3. Has four times the mass due to the increased radius and has 4 times the kinetic energy due to that increase mass.

The net increase in rotational kinetic energy is a factor of four. That exactly matches the increase in mass. Just like the increase in linear kinetic energy exactly matches the increase in mass. The two remain proportional to one another!

[Edit, first draft of this missed the increase in moment of inertia]

 

[physior]

so which is the final answer?

 

[Shinaolord]

Which do you think it is based on what's been said?
We can't/won't just give you the answer. We'll help you get to it yourself.

 

[physior]

the larger the diameter, the slower it rotates
this is what you said
but what about the distance covered? is this less too?

 

[Shinaolord]

The formula for rotational energy is analogous -- it is $\frac{1}{2}I\omega^2$ where $I$ is the "moment of inertia" of the object and $\omega$ is its rotation rate, also known as "angular velocity". The angular velocity is normally measured in radians per second (this makes the units come out nice). For a given shape, the moment of inertia is proportional to its mass and is proportional to the square of its size.

If you work out the proportions, a cylinder of a given material rolling at a fixed velocity whose radius is doubled...

1. Rotates half as fast due to the increased radius and has 1/4 of the kinetic energy due to that reduced rotation rate.
2. Has four times the moment of inertia due to the increased radius and 4 times the kinetic energy due to that increased moment of inertia.
3. Has four times the mass due to the increased radius and has 4 times the kinetic energy due to that increase mass.
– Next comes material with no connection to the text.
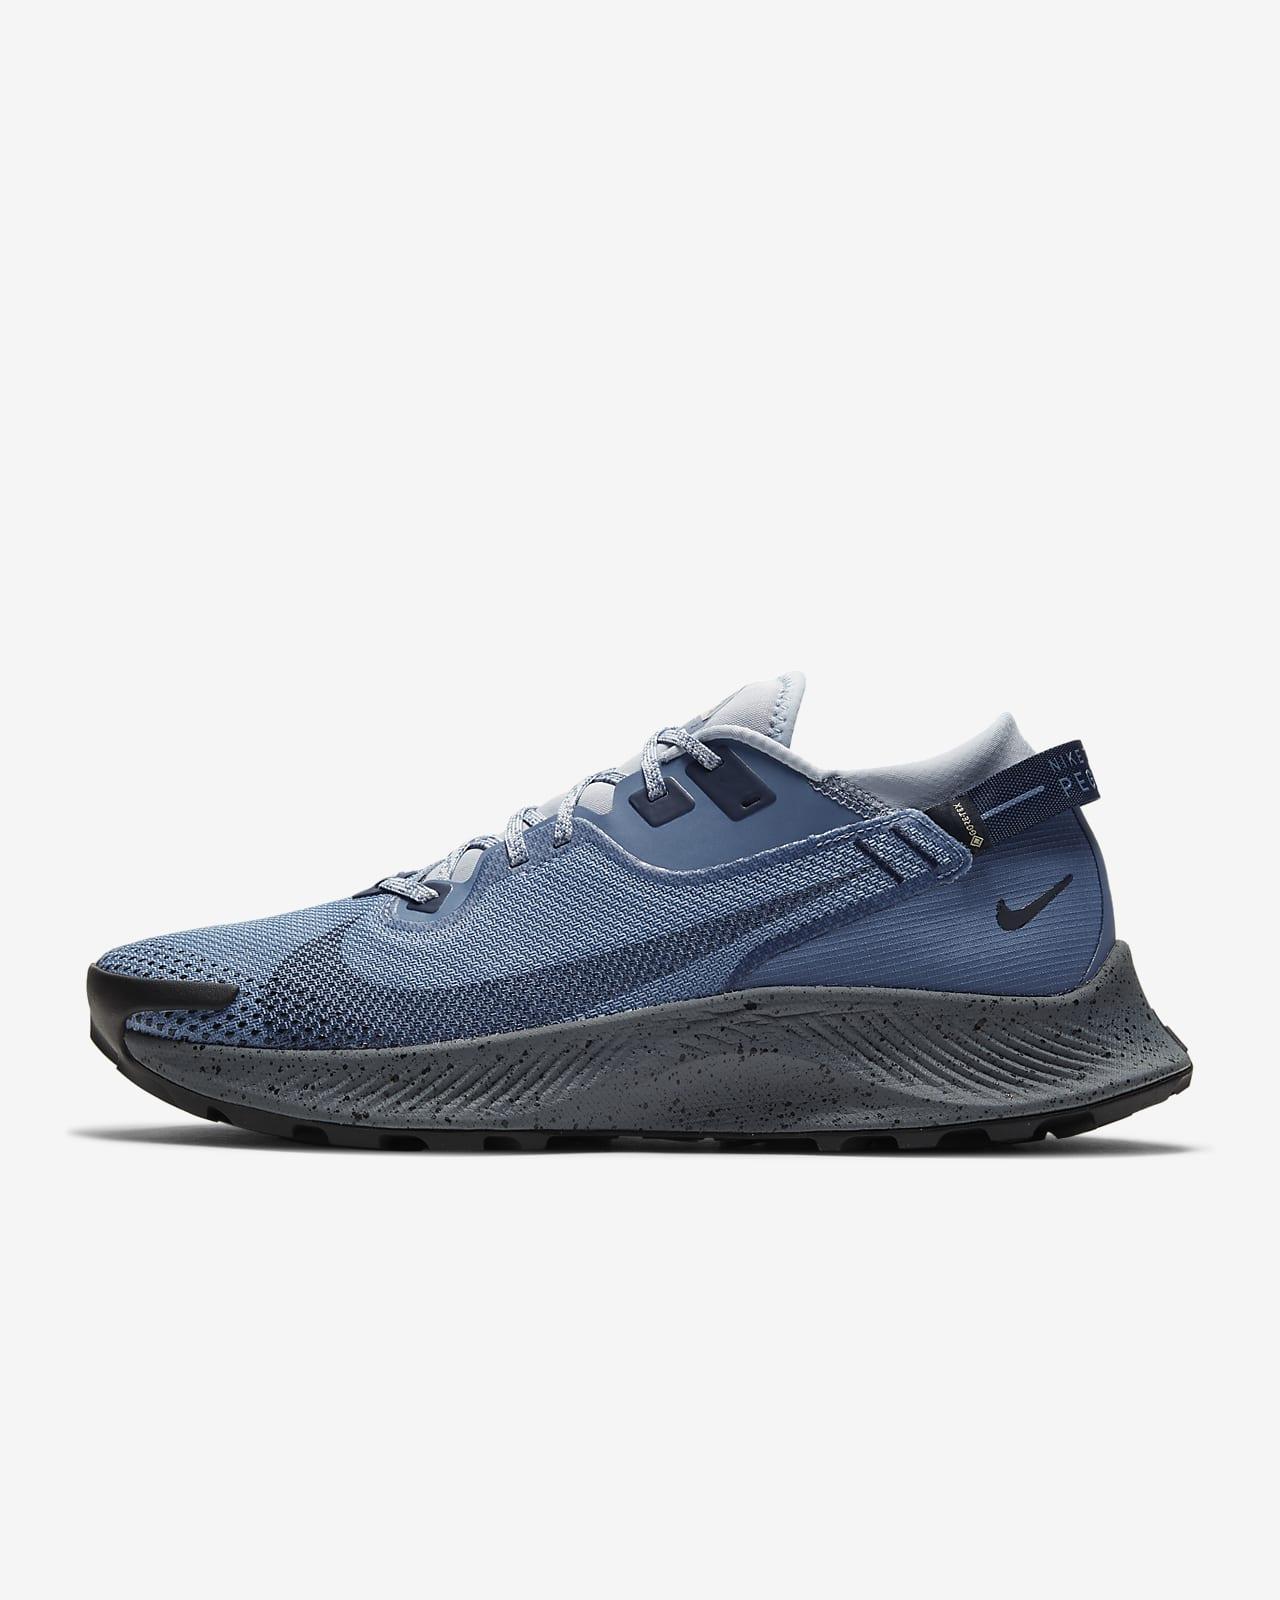 Мужские кроссовки для трейлраннинга Nike Pegasus Trail 2 GORE-TEX

The net increase in rotational kinetic energy is a factor of four. That exactly matches the increase in mass. Just like the increase in linear kinetic energy exactly matches the increase in mass. The two remain proportional to one another!

[Edit, first draft of this missed the increase in moment of inertia]
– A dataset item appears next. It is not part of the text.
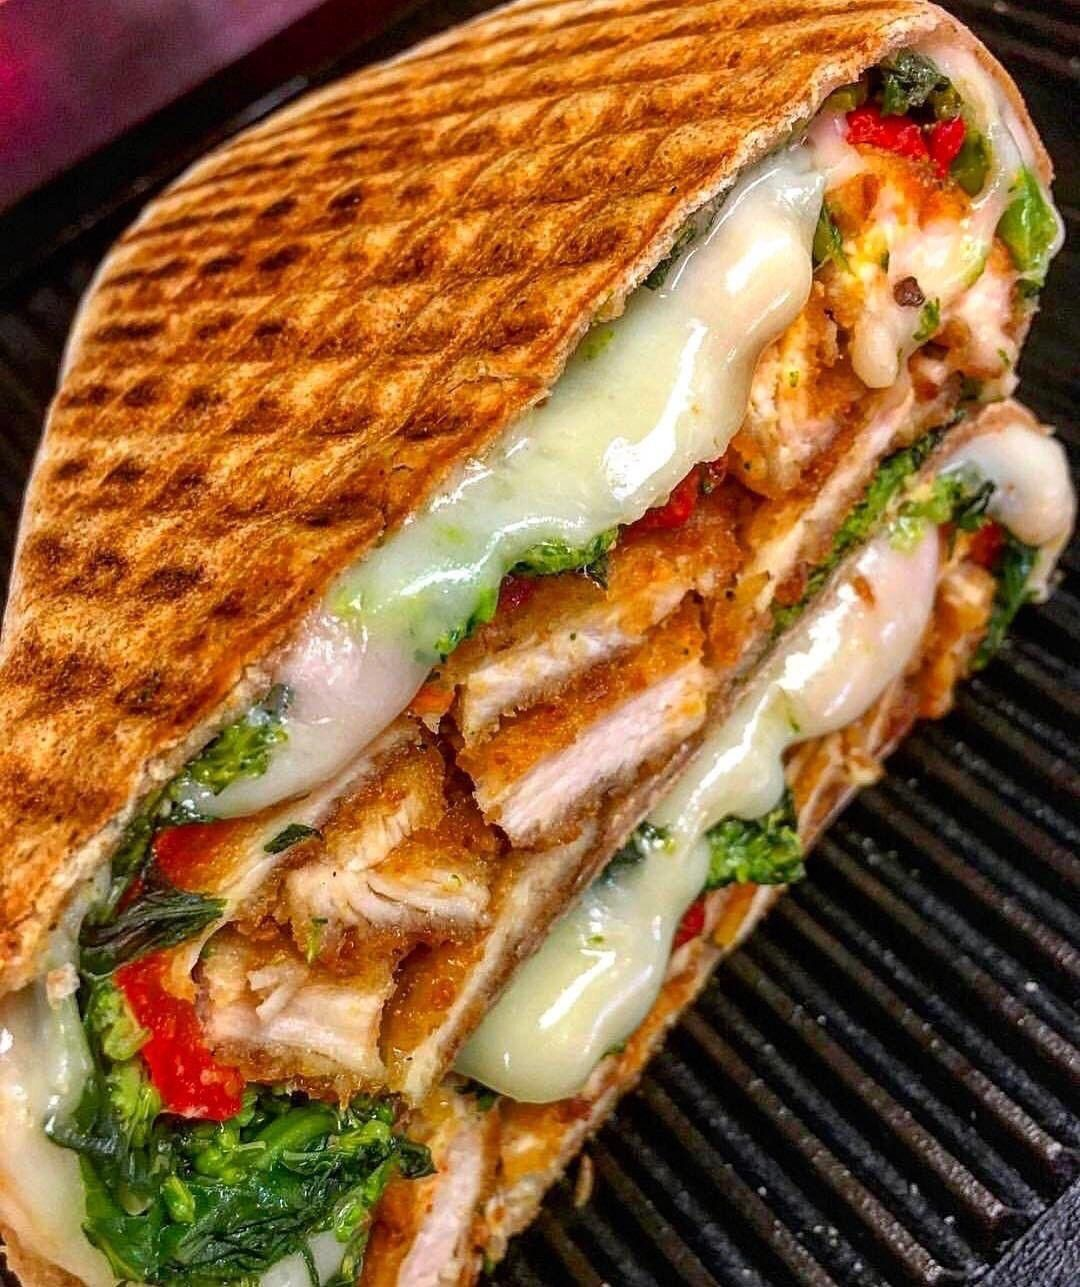 NYC Crispy Chicken Paninininini food street videos cooking

The velocity with which the cylinder will move down the hill is $\omega \times \text{radius}.$

Distance traveled is $v \times \Delta t$ so the distance is $\omega \times r \times \Delta t$.
Does that help, along with the post I quoted from someone else above?

Or are you trying to solve this via energy conservation?

 

[physior]

so, from what I see, there isn't a single equation to help us answer this question?

 

[Shinaolord]

You will have to use multiple equations, yes, but what I am saying is there's multiple ways to go about solving the problem. Kinematics and energy conservation.

 

[Shinaolord]

Do you mean there is static contact friction that makes it roll, but no rolling resistance that dissipates energy? If that's the case, then you can use energy conservation to find the speeds.

I just read this and your answer. Ignore my other post. I think energy conservation would be a lot easier to solve the problem with. But I could be wrong. I suggested the $\Delta t$ after reading the problem statement as that would be the time it takes for the cylinder to reach the bottom of the ramp from Top. Are you confused about how to use the math, physics, or the process, or all of the above?

 

[A.T.]

I think energy conservation would be a lot easier to solve the problem with.

Yes, and I think jbriggs444 already did that in post #25.